We stepped outside into the crisp Tuscan dusk, where we were both offered a taster of a very special Frantoio and Lechino oil Prof Parenti had made two weeks earlier: it was pungent yet light and had playful green, vegetative notes with an effortless balance on the palate. The best part about it, however, was the reverence with which the tasting ritual was treated. The human expertise and industry committed to pressing oil with integrity is tireless and somewhat frenetic, but when the gold-tinged emerald juice was poured into a cup, the energy changed immediately. It was as if we were in the eye of a storm and everyone seemed to understand that the tasting of oil required a certain degree of quiet concentration, sensorial clarity and undistracted analysis. Just for a moment, we slurped and were still. There was silence as the artichokes burst through the pores on my tongue and then were instantly tingling with the crisp and coy chives, followed by an almost imperceptible warming of liquid almond washing down my throat and ending in a grand burst of heat and pepper. And then, we could all hear the press droning and the workers chatting: the tasting session had come to an end and the bustling sense of urgency was, once more, restored!

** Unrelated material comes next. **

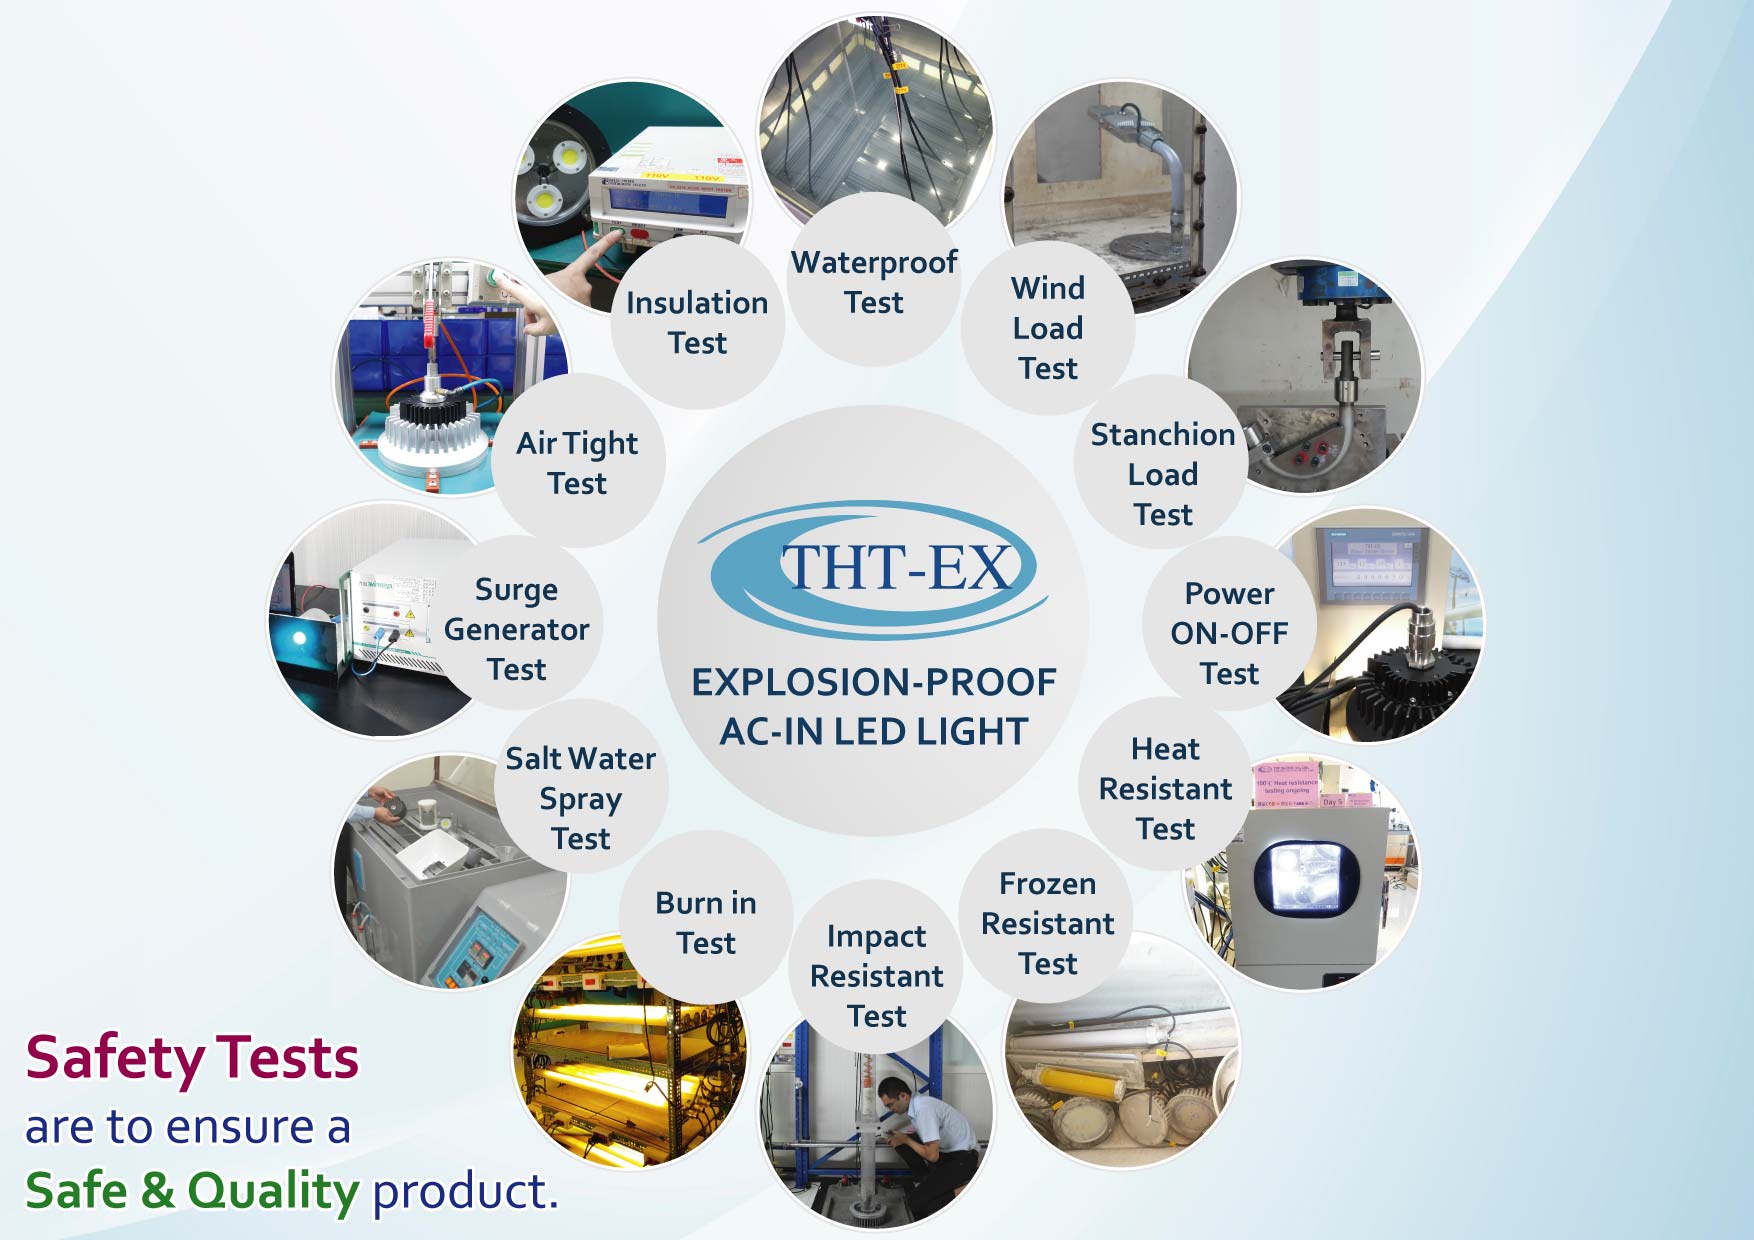  Various Safety Tests for THT-EX Explosion-proof Lights!

The Mori’s treated us to a seafood feast for lunch the following day, but first we tasted several of Italy’s top oils, many of which would not be appropriate with the delicate and sweet oceanic fare on the way: From raw pine-nutty nochellara oils to the unmistakable dandelion and green tomato characteristics of the tonda iblea; to blends that evoked green bananas, the smell of honey and the bitter tannin of hazelnut skins on the palate; and blends of frantoio and lechino bursting with chicory and watercress that exploded with green chili piquancy into your brain and sent endorphins rippling in waves through your scalp and down your back. Tasting the oils acted as both a conversation starter and piqued our appetites like no aperitif could (or should, especially not at midday)! Soon we were fully immersed in yet another multi-course, Florentine festival of delicacies, fresh bottles of olive oil in-hand.
We were also privileged enough to eat lunch at a Michelin star restaurant in Badia di Passignano, called Osteria di Passignano, where we were totally blown away by the subtly brilliant use of extra virgin olive oils in every one of our courses – whether in natural fluid form, gel, emulsion, foam or dust. We were delighted even further to meet the Head Chef, Matia Barciulli, who expressed his passion for extra virgin olive oil and his commitment to educating diners and foodies about how to pair oil with food, with the same level of care and precision that is lavished on wine. We couldn’t agree more!